Please provide your feedback in this short Flings' survey.

NUMA Observer

version 1.0 — August 19, 2021

Contributors 3
View All
Comments 11
View All

Release Date: July 27, 2021

Summary

VMs such as SAP HANA and other big databases and critical applications run with large resource footprints and often have strict requirements around latency. Setting core and NUMA node affinities is recommended for such large critical applications where low latency is important.

While admins may configure large critical VMs with affinities to unique logical cores or NUMA nodes, maintenance and HA events can change this unique mapping. An HA event would migrate VMs to other hosts with spare capacity and those hosts may already be running VMs affined to the same cores or sockets. This results in multiple VMs constrained/scheduled to the same set of logical cores. These overlapping affinities may result in a CPU contention and/or non-local allocation of memory.

The NUMA Observer Fling scans your VM inventory and identifies VMs with overlapping core/NUMA affinities and generates alerts. Additionally, the Fling also collects statistics on remote memory usage and CPU starvation of critical VMs and raises alerts.





Requirements
  • Java 8
  • ESXi
  • vCenter
Instructions
Running the tool: 
* Everything comes packaged in a jar and you just need to trigger the jar with java -jar name_of_the_jar.
* Once launched, the tool UI can be accessed by pointing the browser to localhost:8443

Note:
* When connecting to VC/ESX instances that provide a self-signed certificate from NUMA Observer, please use the "-sslNoVerify" command line argument.
* Please use java -jar NUMA-Observer-version.jar -h, for instructions.

Configuration: 
The tool can be configured from the UI or can be configured with a file config.json that is placed in the same directory as the jar.

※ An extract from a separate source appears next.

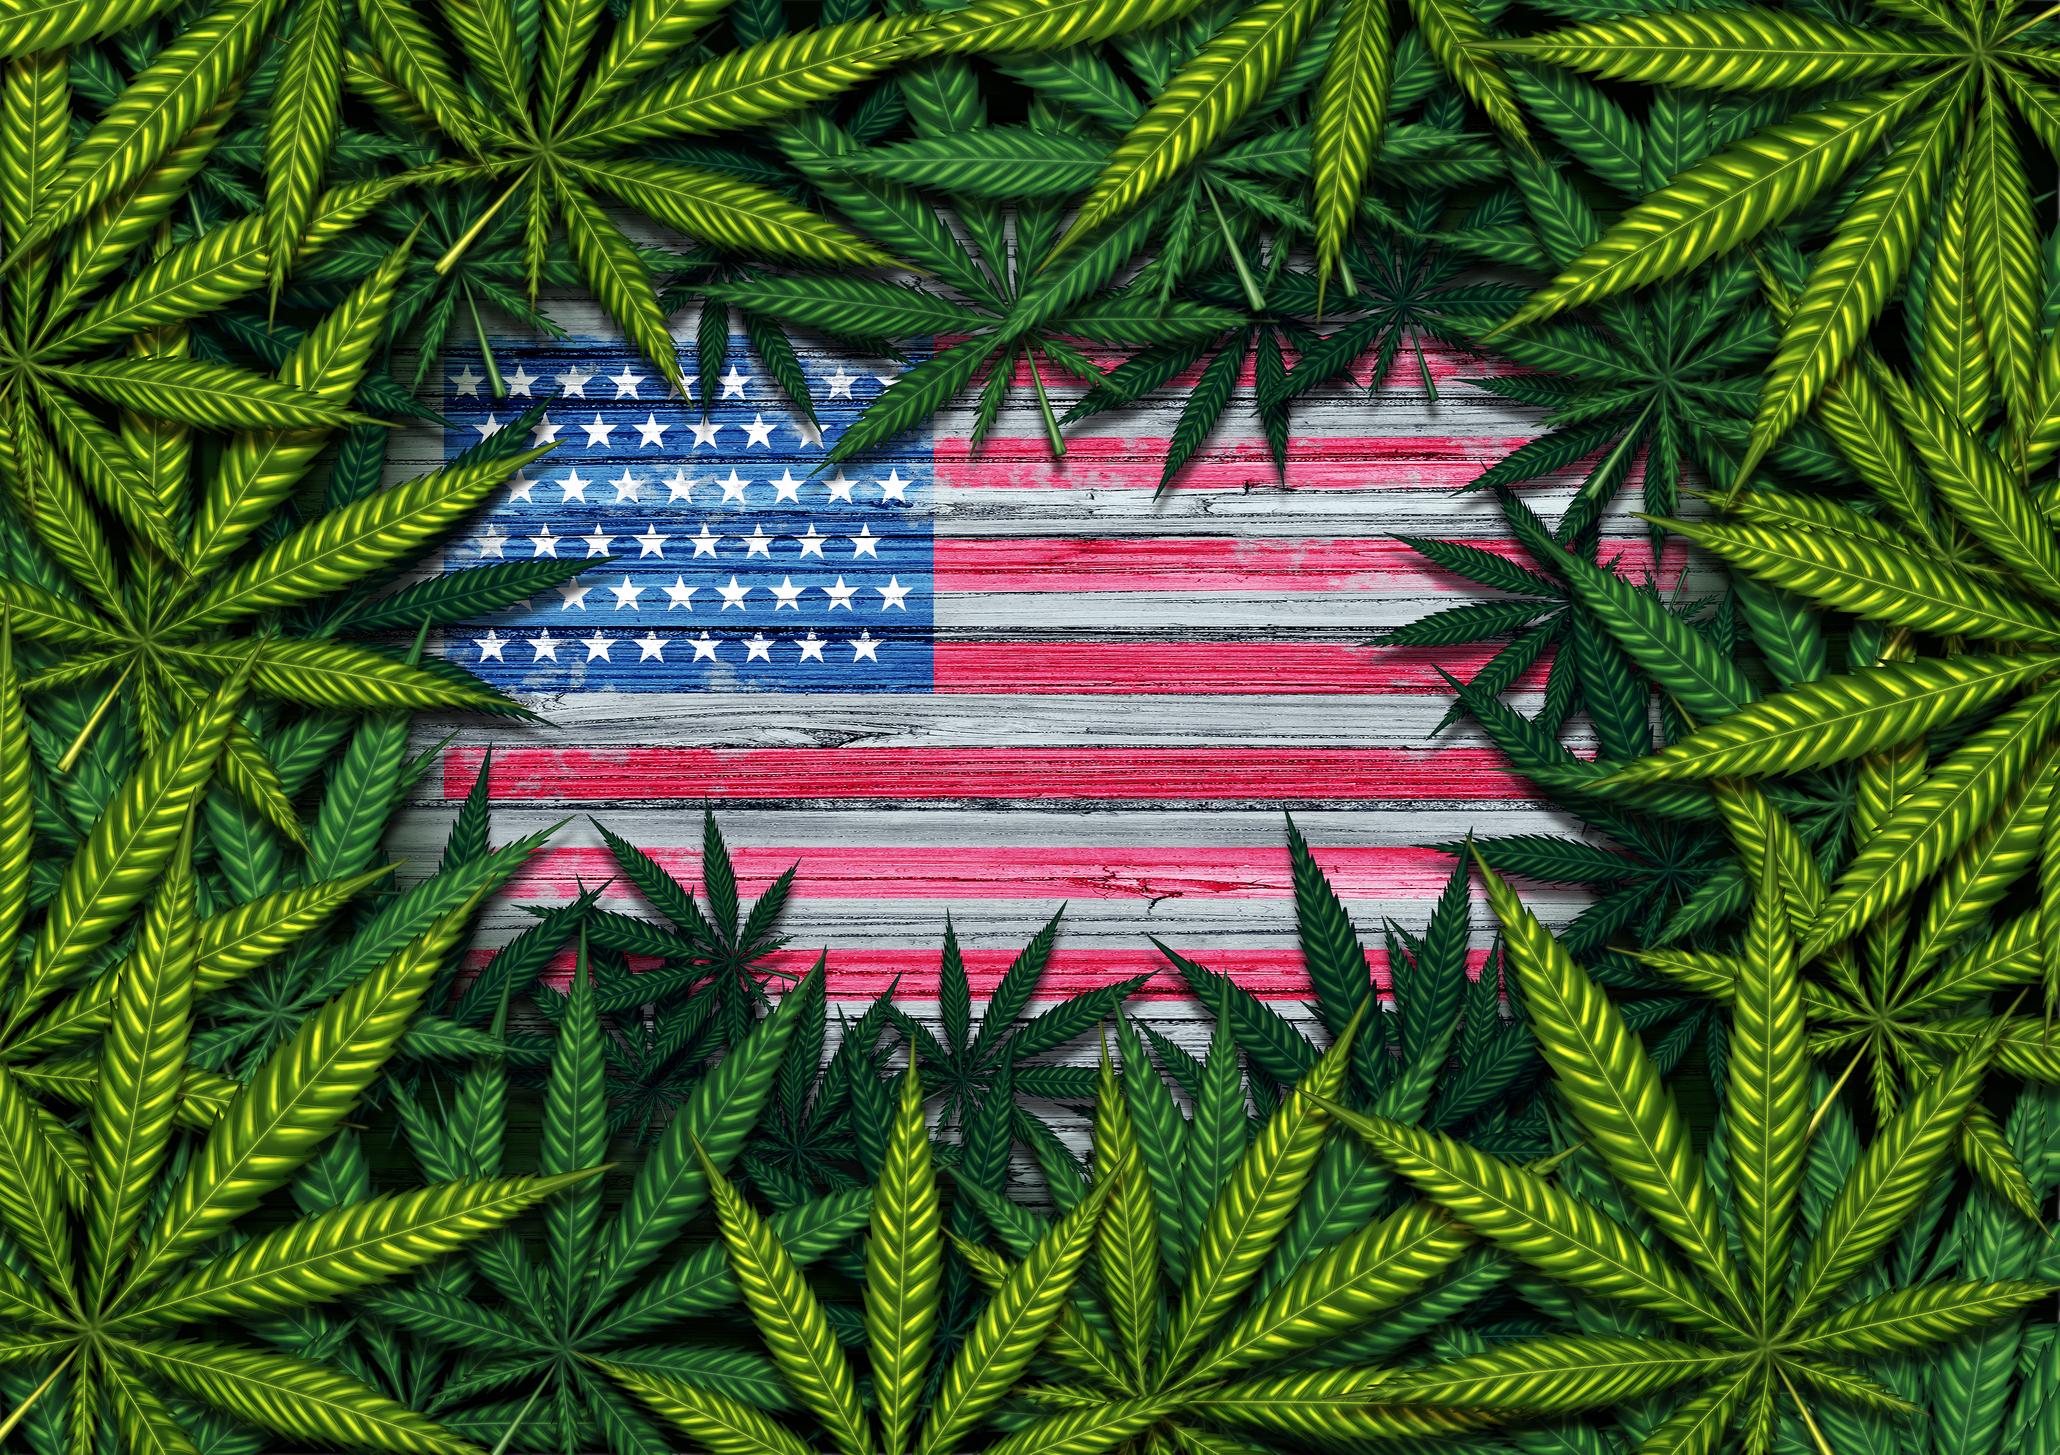 Rustic U.S. flag framed by a pile of marijuana leaves

Following is the sample config.json provided,

{
  "runMode": "VC", 
  "credentials": [
    {
      "ip": "xxx",
      "pwd": "xxx",
      "user": "xxxx"
    }
  ],
  "numThreads": 64,
  "minMonsterVmMemGB": 1,
  "maxRemoteMemGB": 1,
  "maxRemoteMemPercent": 1,
  "maxCpuReadyTime": 100,

  "definedMonsterVmTags": {
    "HANA" : true
  },

  "customMonsterVmTagList": [
    {
      "label": "Cassandra",
      "matchCriteria": {
        "vmNamePattern": "cas-[0-9]+-*"
      }
    },
    {
      "label": "Oracle",
      "matchCriteria": {
        "vmNamePattern": "orc-*"
      }
    },
    {
      "label": "HANA_Simulated",
      "matchCriteria": {
        "vmNamePattern": "[Hh]ana.*"
      }
    },
    {
      "label": "HANA_Template",
      "matchCriteria": {
        "vmNamePattern": "HanaTemplate"
      }
    }
  ]
}


* runMode - supports 2 modes namely VC and ESX
* credentials - list of credentials (one entry for VC mode, one or more for ESX mode)
* numThreads - Concurrency of the tool
* maxRemoteMemGB - NUMA remote memory usage threshold for generating alerts (GB)
* maxRemoteMemPercent - % of NUMA remote memory usage threshold for generating alerts
* maxCpuReadyTime - Average CPU ready time threshold for generating alerts (ms)
* minHanaMemGB - Configured memory threshold to check if a VM is HANA VM (GB)
* definedMonsterVmTagList - Pre-defined tags (do not modify this)
* customMonsterVmTagList - List of custom defined tags